The committee defeat
was expected. Since the biggest party in Congress – the Brazil
Democratic Movement party (PMDB) – declared it would abandon the
ruling coalition last month, Rousseff has effectively been leading a
minority government.
The president is
also on the ropes as a result of economic recession, corruption
scandals and plots by the PMDB and other parties to seize power.
But Rousseff, who
has more than two years of her mandate left to run, is far from being
knocked out.
Her opponents are
not assured of the two-thirds of the 513 seats they need in the lower
house. Even if they get this level of support, impeachment will also
have to be approved twice by the Senate – first by a simple
majority, then by two-thirds – before it is finalised. The
government can also challenge the process in the supreme court.
Public opinion is
another factor. Despite her own dismal approval ratings, which hover
around the 10% mark, most of Rousseff’s rivals are even more
despised and are accused of equal or greater wrongdoing.
The impeachment
process has been spearheaded by lower house Speaker Eduardo Cunha, a
PMDB leader who is accused of taking more than $5m (£3.5m) in
kickbacks from state-run oil company Petrobras and lying to Congress
about secret bank accounts in Switzerland.
Rousseff’s most
likely replacement is Temer, also of the PMDB, who also faces
impeachment proceedings because he signed off on the same policies as
the president. More than half of the 65-member impeachment committee
are also charged with bribery or other crimes.
Compared with these
accusations, the penalty for the president’s alleged wrongdoing is
of questionable proportionality. Her administration was not the first
to temporarily window-dress government finances, but none of her
predecessor faced repercussions of this severity. The Workers’
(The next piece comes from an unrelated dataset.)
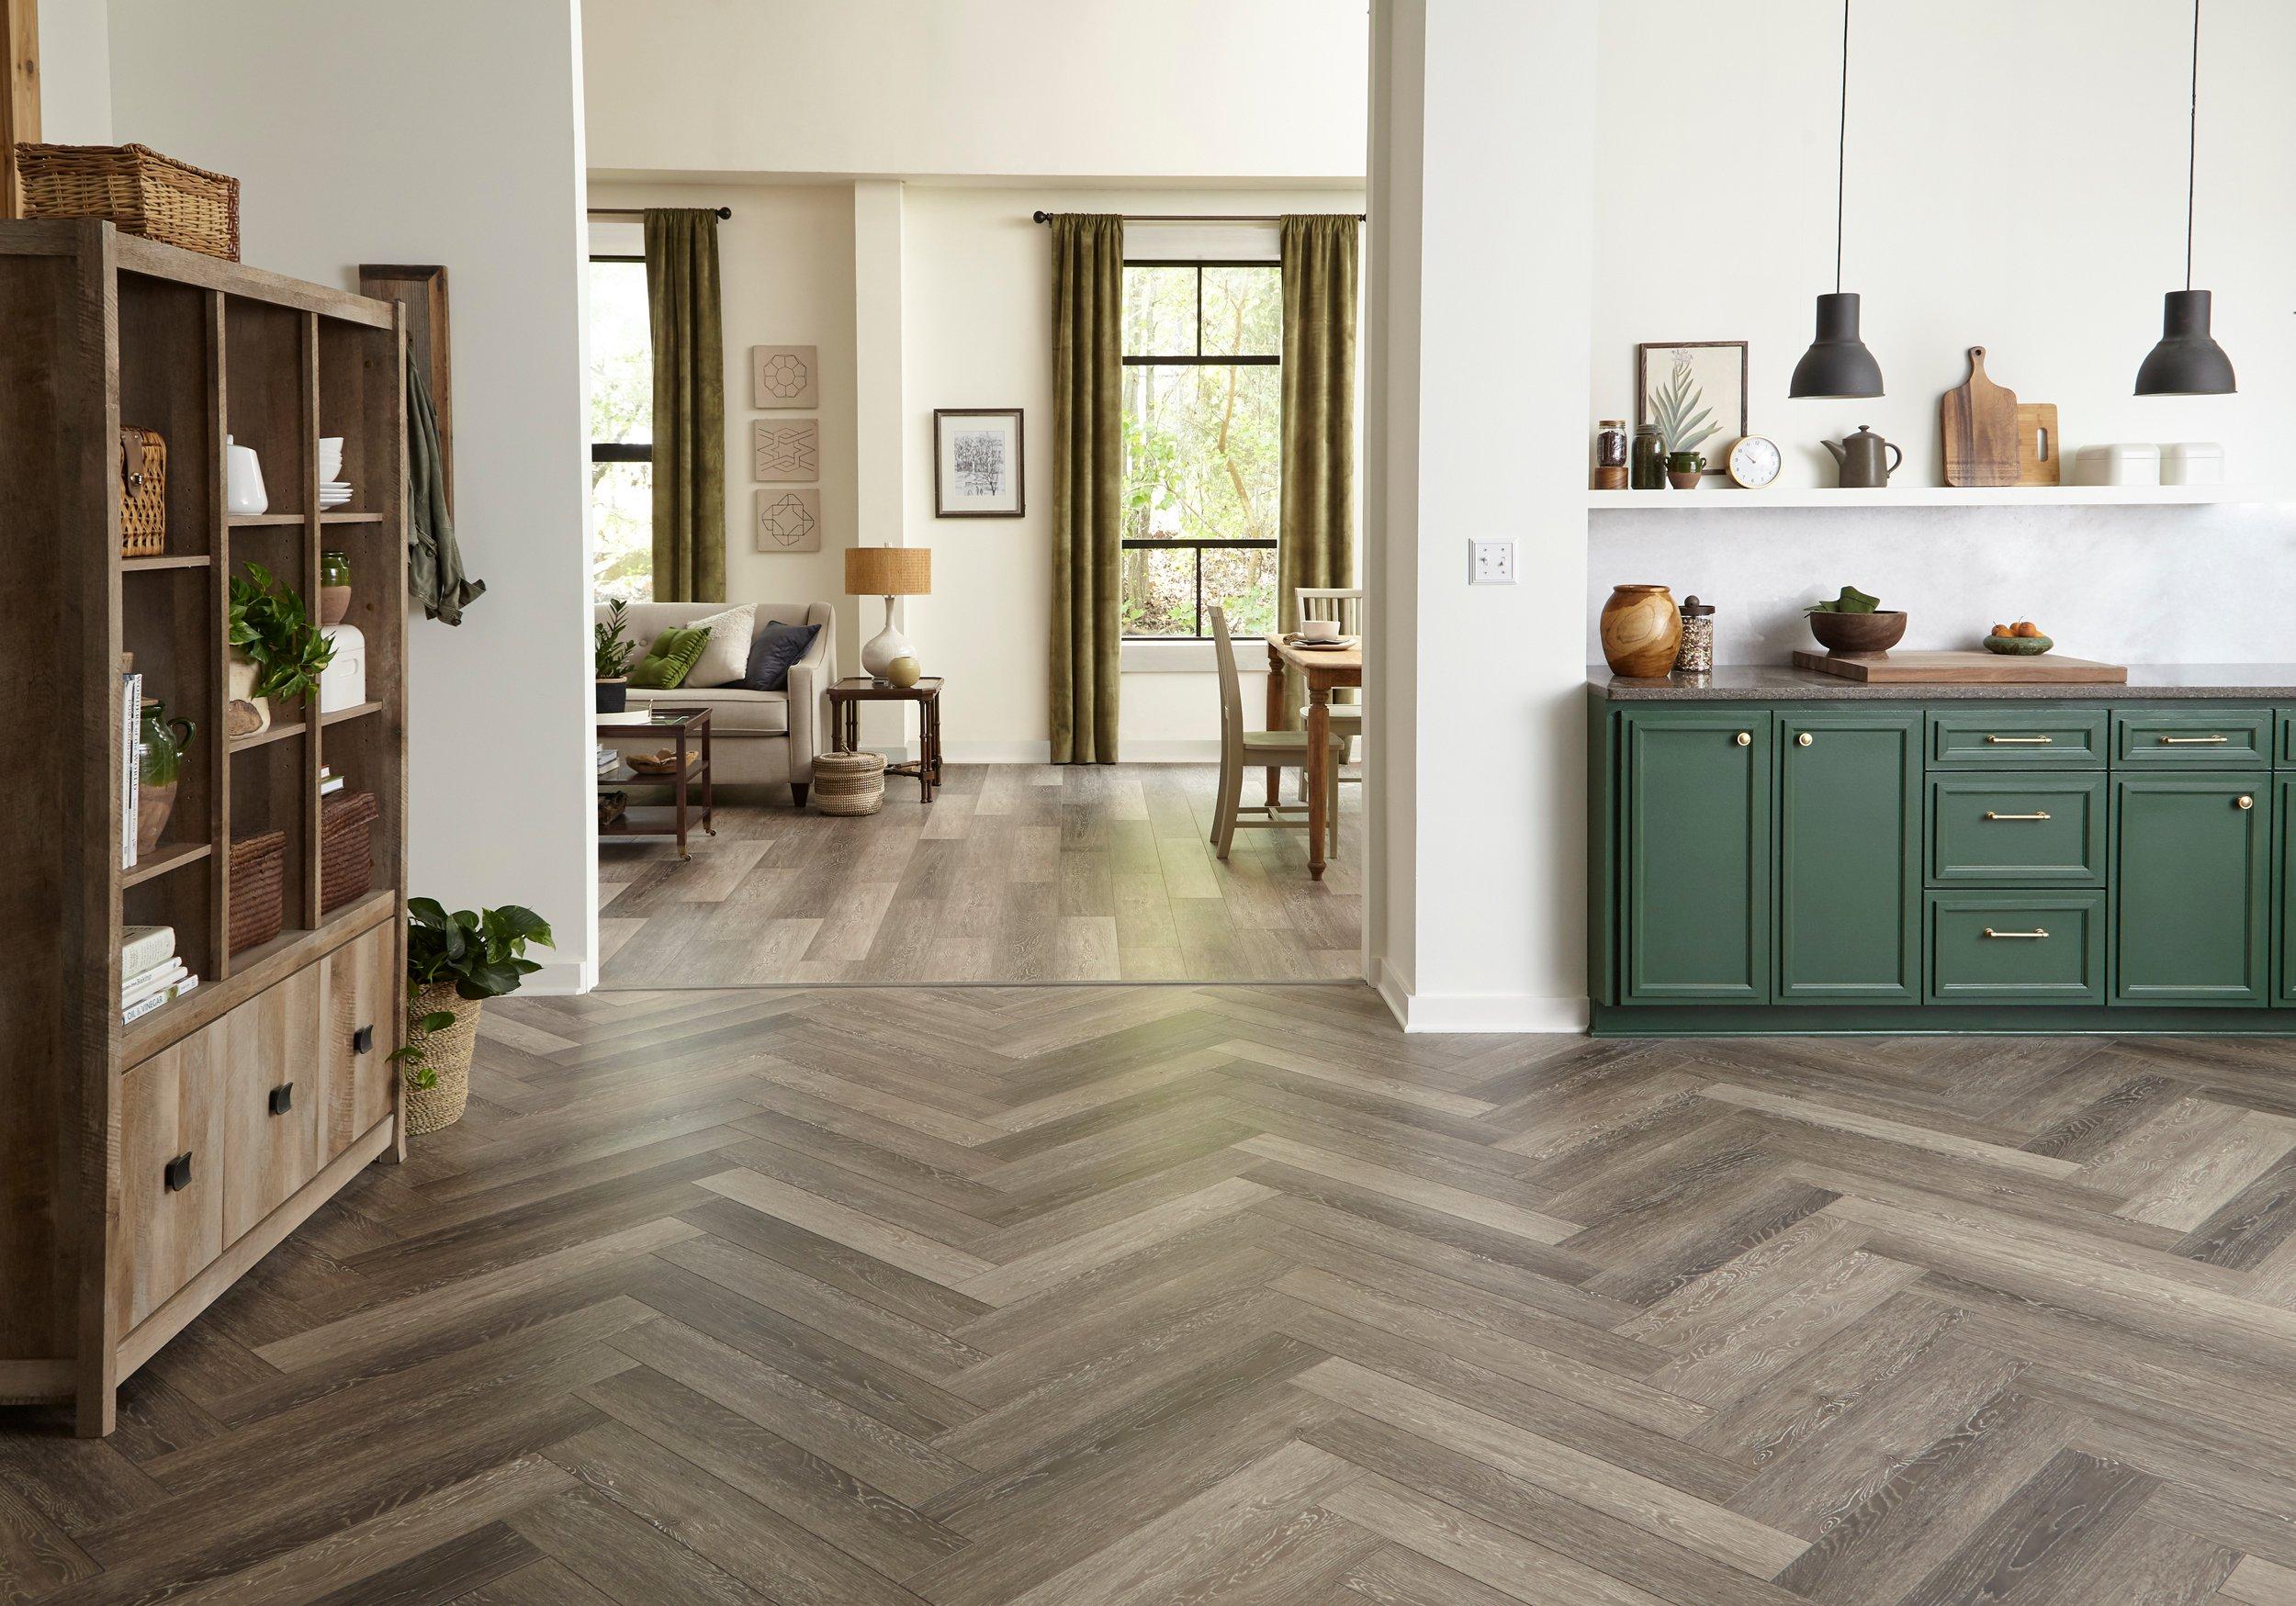 Water Resistant Laminate Floor, Herringbone Wood Tile Floor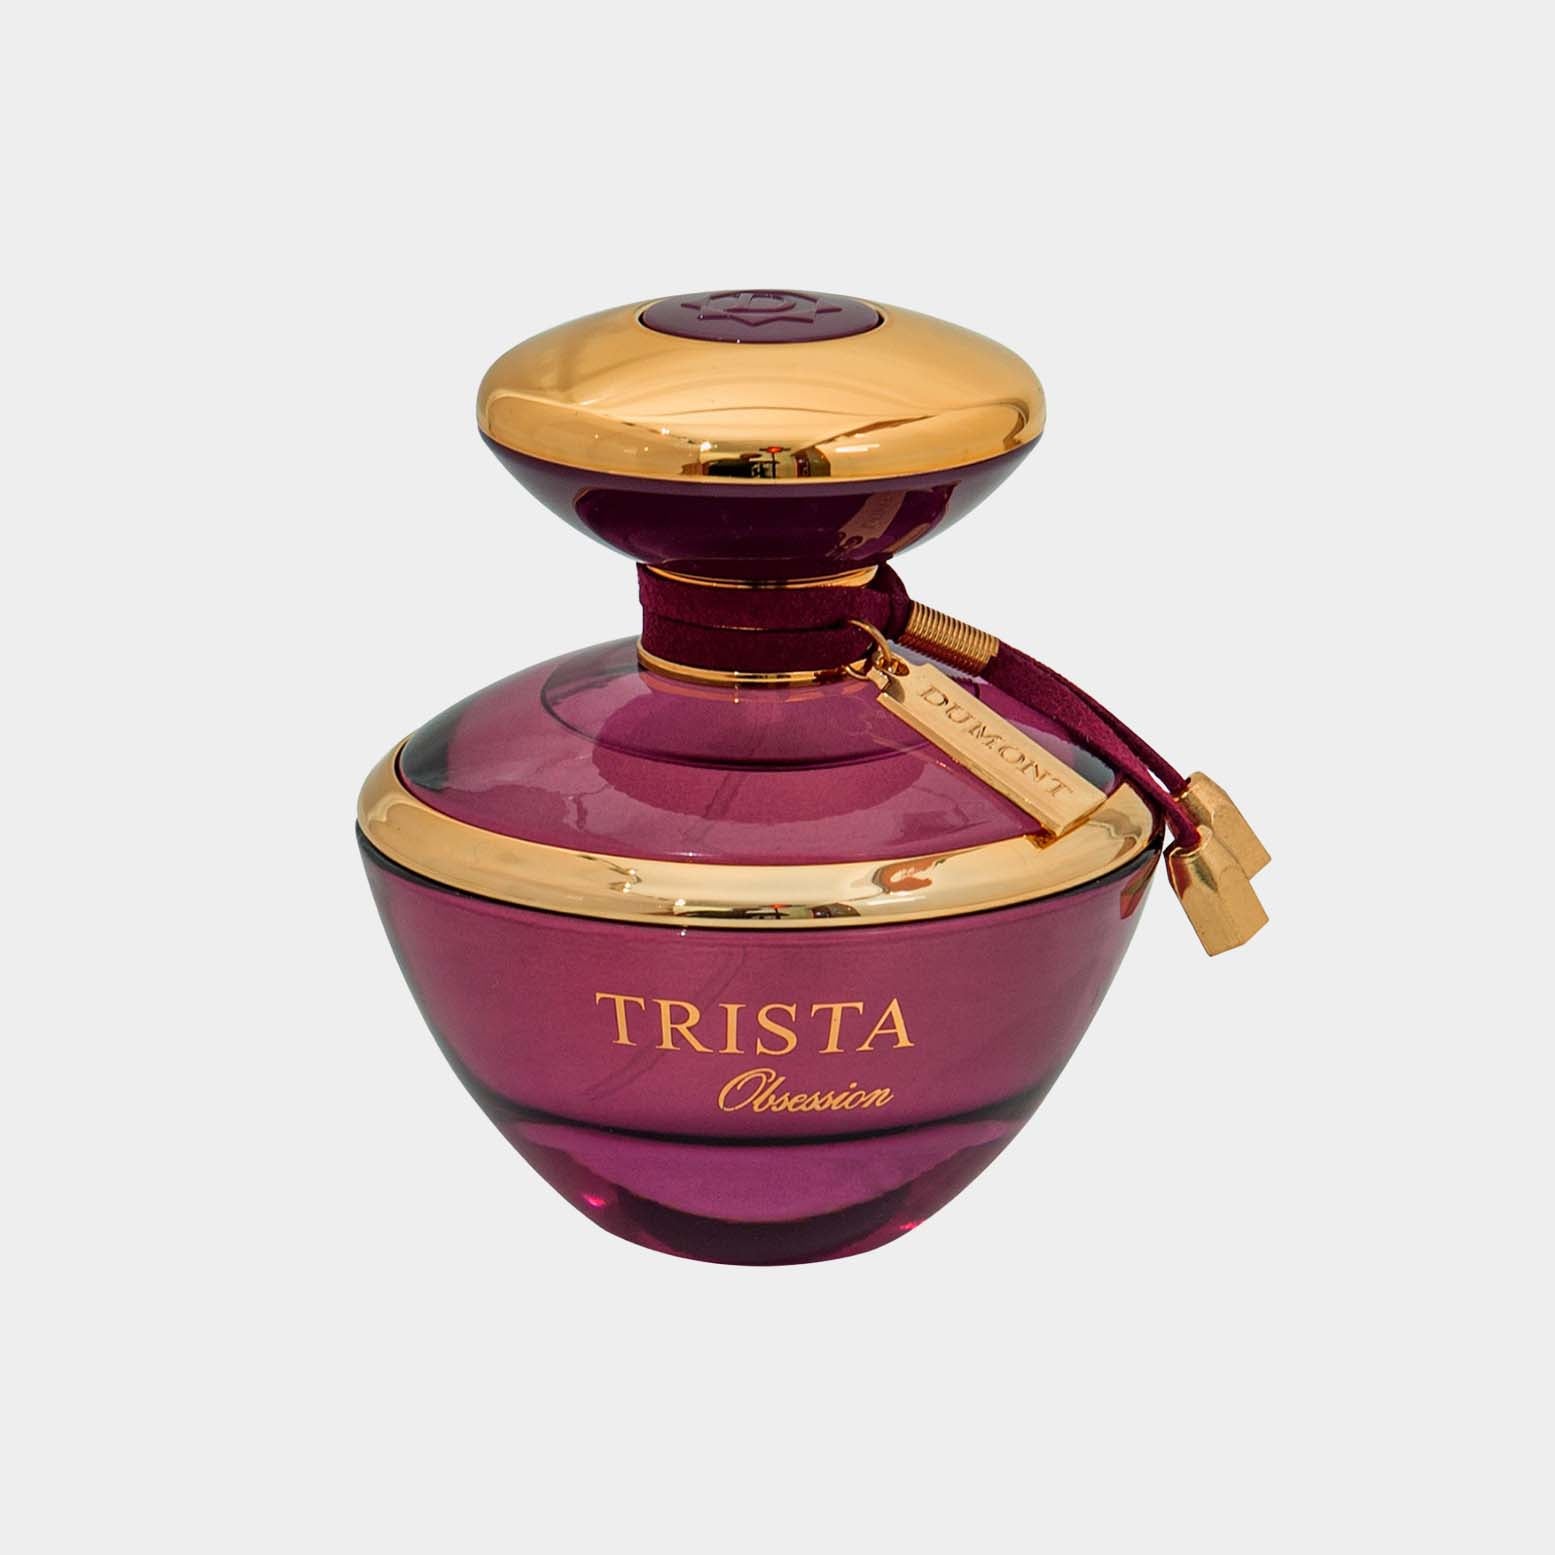 De parfum Trista Obsession.

party claims this represents a “coup”. This accusation was echoed
by former president Luiz Inacio Lula da Silva, musician Chico
Buarques and other artists on Monday night at a rally of several
thousand anti-impeachment supporters under the Lapa arches in Rio de
Janeiro.
Many of those who
dislike the ruling party do not use this term, but they are
uncomfortable about the threat to democracy posed by the removal of
an elected president on such flimsy grounds.
Overall, support for
impeachment remains high, but appears to be ebbing. A Datafolha poll
at the weekend, showed 61% of respondents favoured Rousseff’s
removal, down from 68% in March.
The last president
to come so close to impeachment was Fernando Collor de Mello who
resigned in 1992 on the eve of his conviction by the Senate.